The phagocytosis rate was related to antimicrobial resistance, because the K9 and K16-R-C multiresistant strains displayed a lower phagocytosis rate than that in the antimicrobial sensitive strains. These findings may be related to the presence of the 180 kb plasmid that was present in the K9-C and K16-R isolates. This plasmid encodes several virulence factors, including mucoidy, adhesion factor, aerobactin, and ESBL TEM-5, which confers resistance to third-generation cephalosporins5,7. Therefore, the present results suggest that the low rate of phagocytosis of the multiresistant K. pneumoniae isolates was probably due to the presence of the 180 kb plasmid, which may carry genes for resistance and virulence factors, and which may consequently inhibit phagocytosis. Furthermore, K16-R, which was non-mucoid and virulent, had the lowest rate of phagocytosis by alveolar macrophages and was most resistant to antimicrobials (positive to bla CTX-M-2 gene which encodes ESBL) and is probably the most virulent (positive to irp2 gene which encodes the yersiniabactin siderophore)4.
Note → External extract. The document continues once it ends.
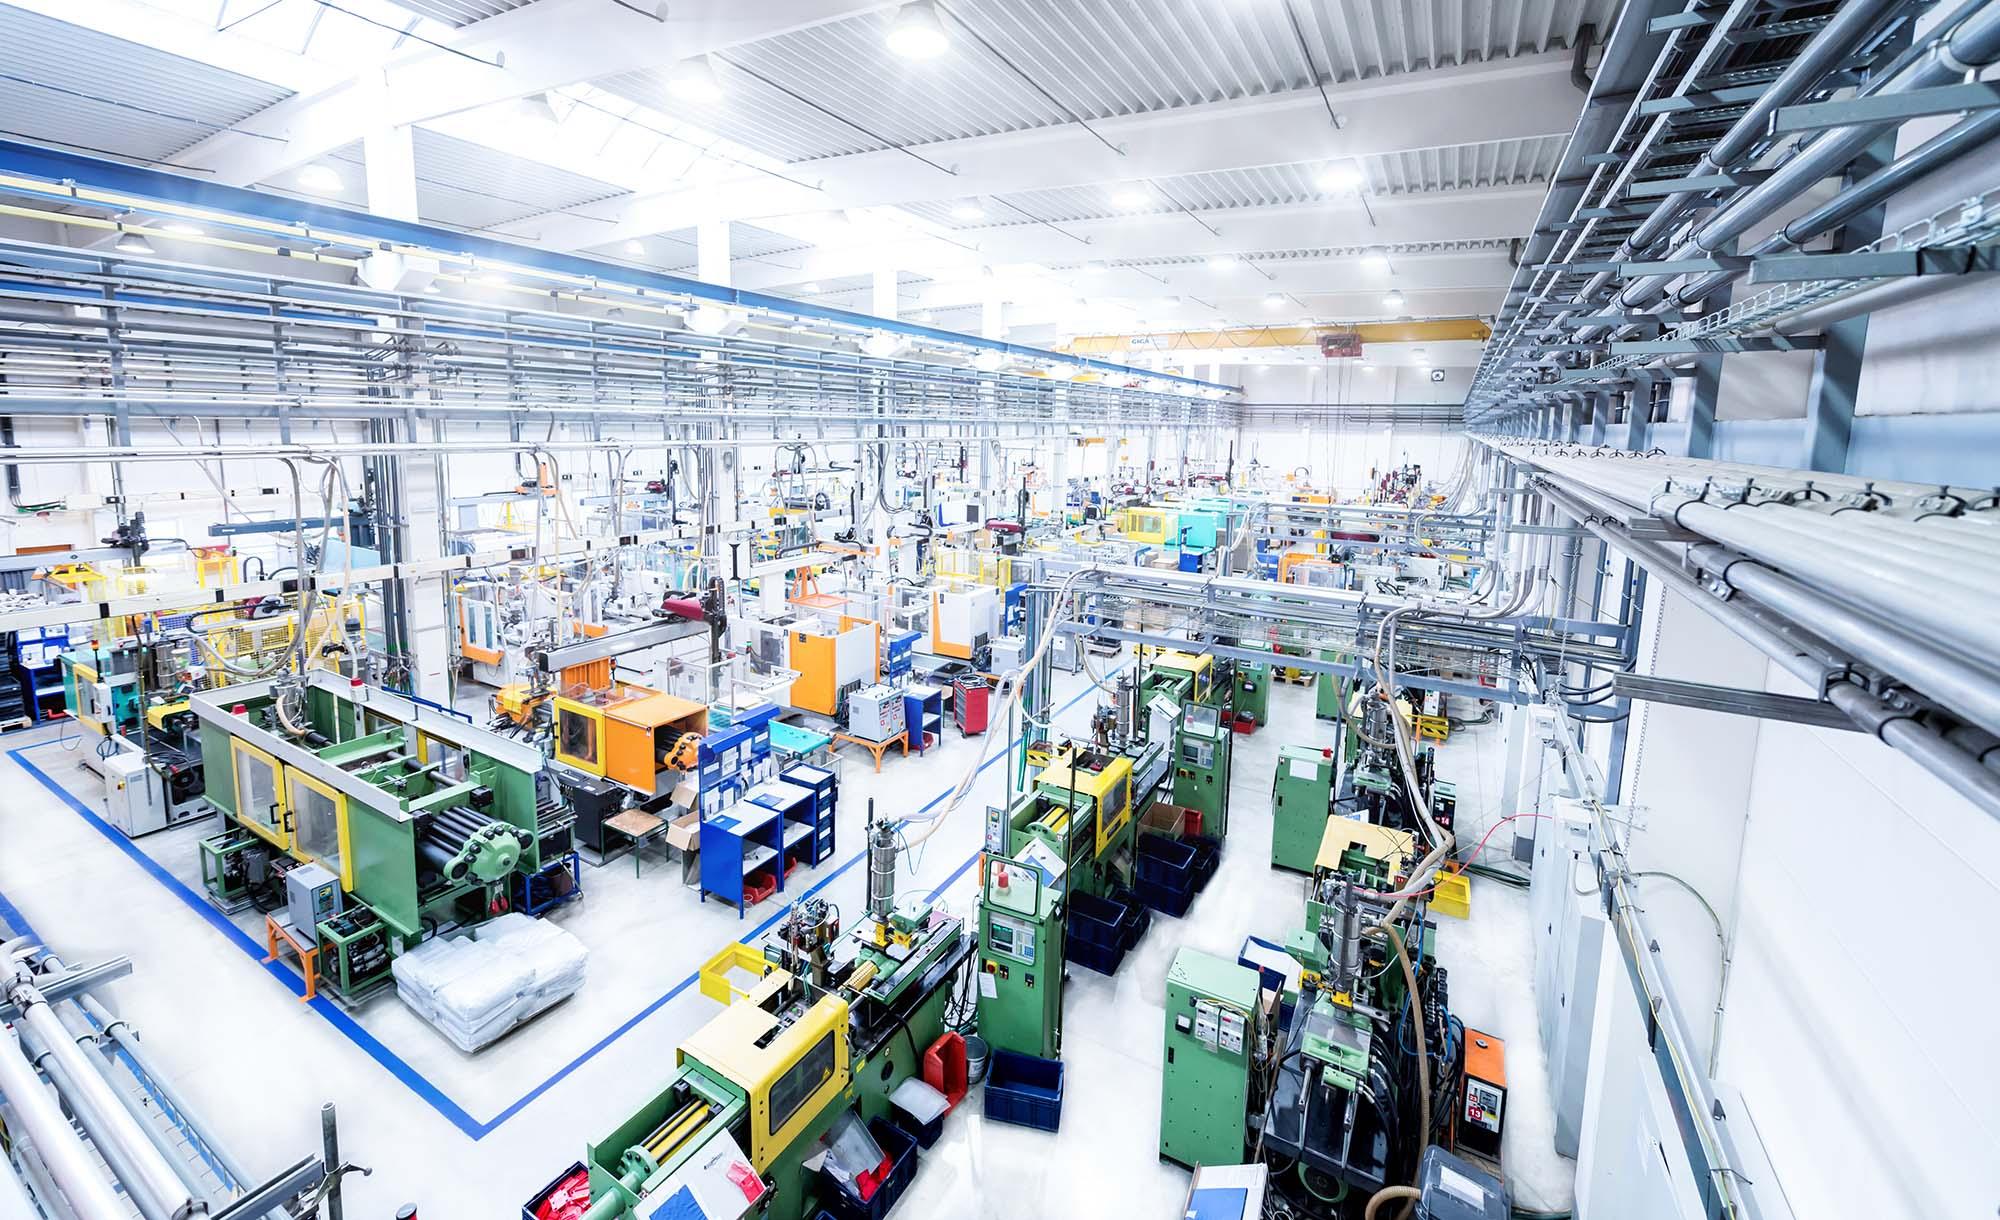 Kunststoff-einspritzung Kunststoff-Spritzgießwerkzeug Die Spritzgießpresse kontrolliert die Geschwindigkeit und den Einspritzdruck des Materials in der Form. Im Gegensatz zum Formen von Metallteilen dauert es weniger als eine Minute, um ein Teil mit eingespritztem Kunststoff zu konstruieren.

The collective data from this study indicate that several virulence factors act in parallel in K. pneumoniaeto impair host defense. The results highlight the need for further research aimed at providing data concerning virulence factors of K. pneumoniae, as well as to clarify the relationship of these factors with the host defense response.